RFR: 8333334: C2: Make result of `Node::dominates` more precise to enhance scalar replacement [v2]
MaxXing
duke at openjdk.org
Thu Jun 6 07:32:39 UTC 2024
On Wed, 5 Jun 2024 05:40:12 GMT, Tobias Hartmann <thartmann at openjdk.org> wrote:
>> MaxXing has updated the pull request incrementally with one additional commit since the last revision:
>>
>> Revert last commit, and push the `LoadNode` back to the worklist to wait for the dead code to be removed.
>
> Impressive results! I haven't looked at the change yet but here are a few questions / requests:
> - Could you add a screenshot of the IR of the case you are describing?
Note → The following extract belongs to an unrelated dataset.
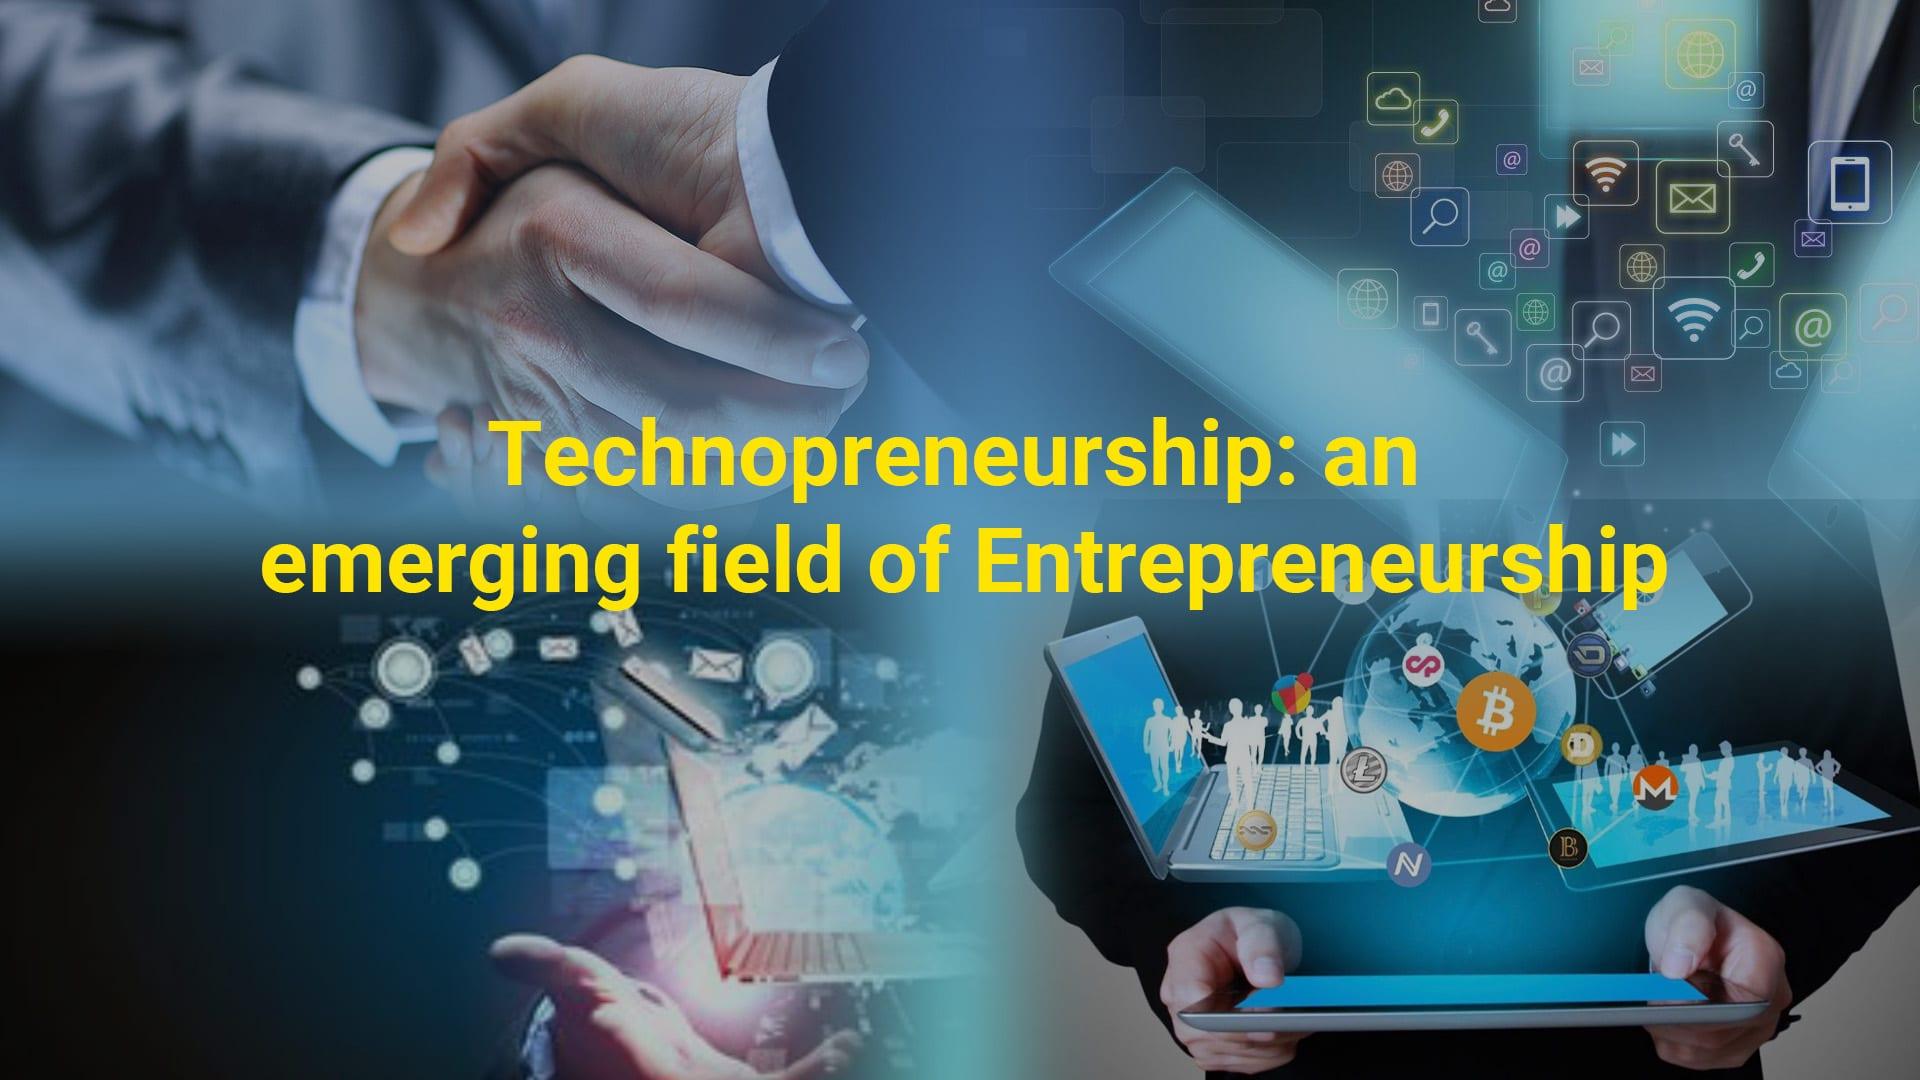 Technopreneurship: an emerging field of Entrepreneurship

> - Wouldn't it help to add the LoadNode back to the IGVN worklist and wait for the dead path to be removed?
> - Could you add an [IR framework](https://github.com/openjdk/jdk/blob/master/test/hotspot/jtreg/compiler/lib/ir_framework/README.md) test that verifies that the optimization works as expected?
>
> Thanks,
> Tobias
@TobiHartmann Hi Tobias, thanks for your reply!
> Could you add a screenshot of the IR of the case you are describing?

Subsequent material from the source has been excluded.